“Onlar Rablerine iman eden gençlerdi. Biz de onlara hidayeti artırdık.” (Kehf, 18/13)
Gençliğin iman ve hidayet üzerine olması, ne kadar büyük bir nimet ve ne kadar büyük bir lütuftur. Dalalet ve sapıklık üzere olması ise ne kadar da kötü bir durumdur.
Gençliği iman üzere olan toplum huzurludur ve geleceği parlaktır. Gençliği dalalet ve sapıklık üzere olan toplum ise huzursuz ve geleceği karanlıktır. Çünkü iman üzerine olan bir gençlik, Rabbini tanır ve bilir, ondan korkar ve sakınır. Ondan korkup sakındığı için de kötülüklerden, yanlış işlerden, fahiş ve münkir işlerden korunur. Anne babasına, ailesine ve çevresine karşı sorumluluk ve saygısını bilir. Edebini ve ahlakını muhafaza eder. Rabbinden korktuğu için kendisini bir koruma ve kontrol altında hisseder. Ayrıca birilerinin onu kontrol ve takip etmesine gerek kalmadan doğru çizgide yürür.
İman üzere olmayan bir gençliği, kontrol etmek zordur. Rabbinden korkmadığı ve sakınmadığı için, kimseden korkmaz ve çekinmez. Başına yüz bekçi indirilse de bildiğini okur ve kimseyi dinlemez. Saygı ve edebini, ahlak ve kişiliğini muhafaza etmez. Yanlış, münkir ve fahiş yollara dalar. Geri dönüşü olmayan hatalar işler. Bu da onu bunalımlara sokar. Bazen bu, onu uyuşturucu ve benzeri geçici rahatlık veren şeylere sevk eder. Bazen de içine girdiği bunalım onu intihara sürükler. Gençliğin baharında hayatına son verir. Dünya ve ahiretini heder ettiği gibi, anne-baba ve ailesini de derin bir acı ve hüzün içerisinde bırakır.
İman üzerine olmayan bir gençliğin tutarlı bir hedefi yoktur. Hedefi olmayanın da rotası ve varacağı liman belli olmayan bir gemi gibidir. Gâh bu tarafa gâh o tarafa hareket eder. Bazen de orta yerde bir şaşkınlık içerisinde kalır. İman üzerine olan bir gençliğin ise bir hedefi vardır. Hedefi Rabbinin rızası ve cennetini elde etmektir. O’nun rızasını ve cennetini elde etmek için de iman üzere salih ameller işler, güzel ahlaklı olur ve hayırlı işlerin peşinde koşar. Toplumun ıslahı için çalışır. Hakkın bir temsilcisi ve koruyucusu olmaya gayret eder.

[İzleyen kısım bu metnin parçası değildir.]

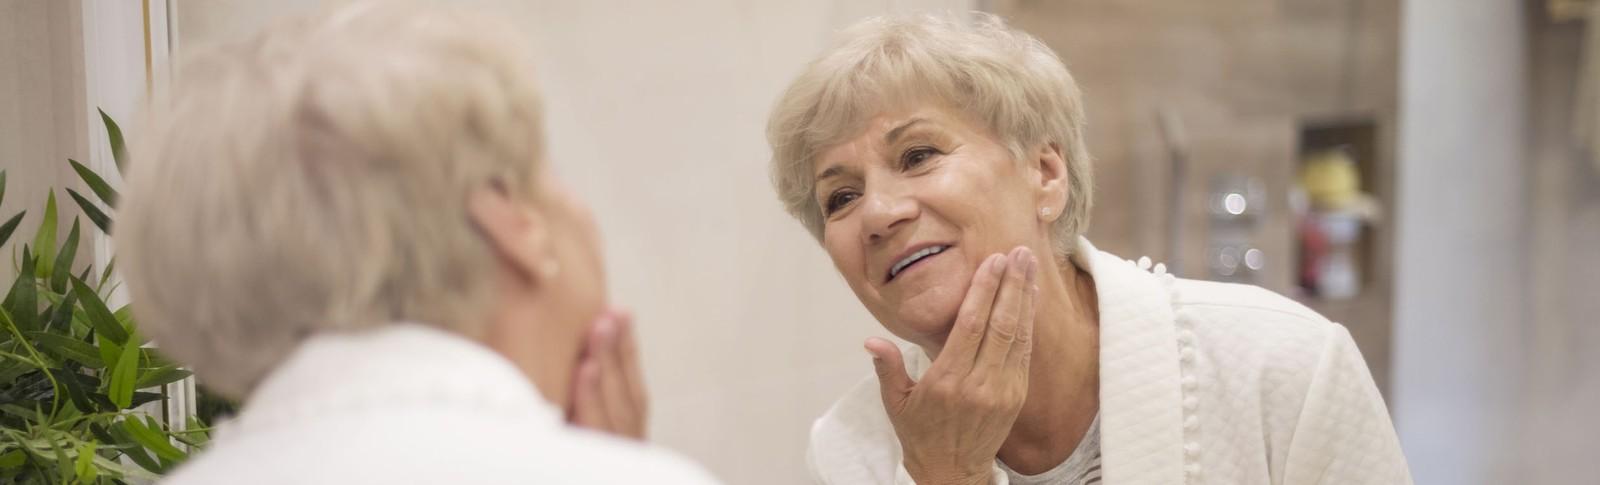 Ältere Patientin betrachtet sich nach einem Wangenlifting in den Moser Kliniken im Spiegel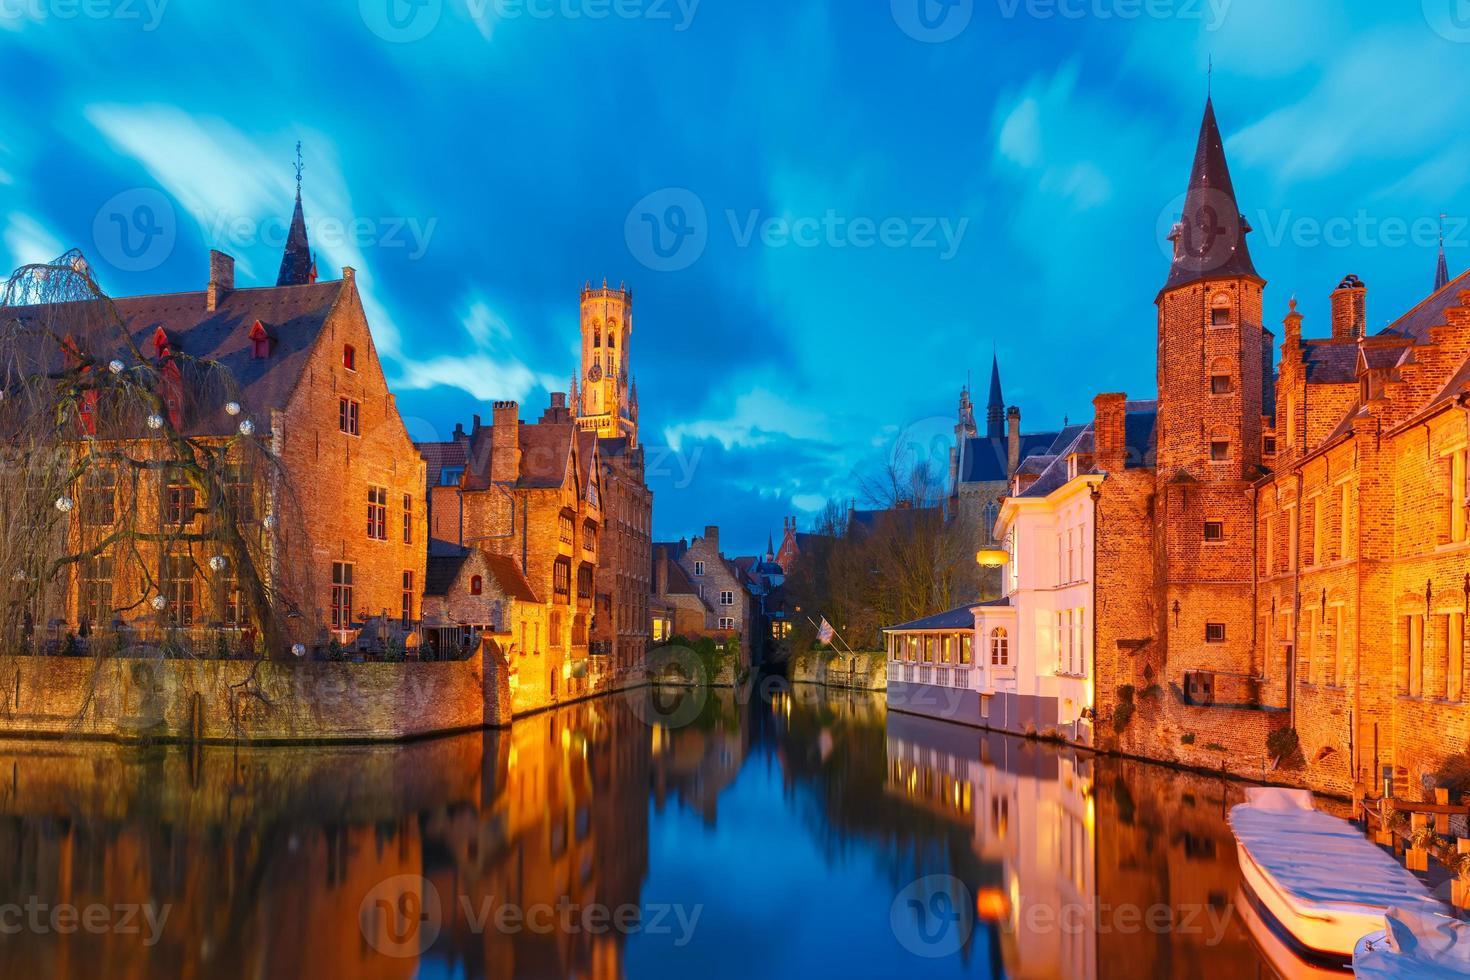 Stadtbild mit Belfort von Rozenhoedkaai in Brügge bei Sonnenuntergang foto

Ne hazindir ki teknolojinin geliştiği, sosyal medya sitelerinin çeşitlendiği, sanal arkadaşlık ve birlikteliğin doruğa çıktığı bir zaman diliminde yaşıyoruz. Gençliğin imanını kendisinden çalacak, etkenler fazlasıyla mevcuttur. Sanal ortamdaki arkadaşlık ve birliktelikler, gençliği toplumdan, aileden, cami ve mescitten tamamen koparmış durumdadır. Onu tamamen asosyal, kendi içinde saklı, gizemli bir yaşama sahip bir kişi haline getirmiştir. Çevresinden tamamen kopuk kendi doğruları peşinde koşan biri yapmıştır.
İmanlı bir gençliğe örnek HAMAS gençliğidir. Hedefi, rotası ve düşmanı bellidir. Hedefinde israil siyonisti ile mücadele etmek, onunla çarpışmak ve şehit olmak vardır. O hedefine odaklanmıştır. Kararlı adımlarla ve bir plan dâhilinde hedefine doğru yürümektedir. Yolun zorluğu, zahmeti ve çekilmezliği, onu hedefinden şaşırtmamakta ve yıldırmamaktadır. Yolun sonunda ya şehid olup Rabbinin cennetine ulaşmak veya zafer vardır. HAMAS gençliği bu konuda örnekliğini ispatladı. Bazen aç, bazen bir hurma ile tuttuğu ve bir hurma ile açtığı nafile orucu ile sıfır mesafeden, ürkmeden, düşmanın zırhlı araçlarına yanaşmakta ve hedefini tam isabetle vurmaktadır.
HAMAS’ı örnek alan imanlı gençlikten, Siyonizm ve emperyalizm korkar ve çekinir. Çünkü böyle bir gençlik, onların Müslümanlar üzerindeki emellerine ulaşmalarına müsaade etmez. Dünyayı onlara dar eder.
Mevla’m bizlere imanlı bir gençlik nasip etsin, âmin.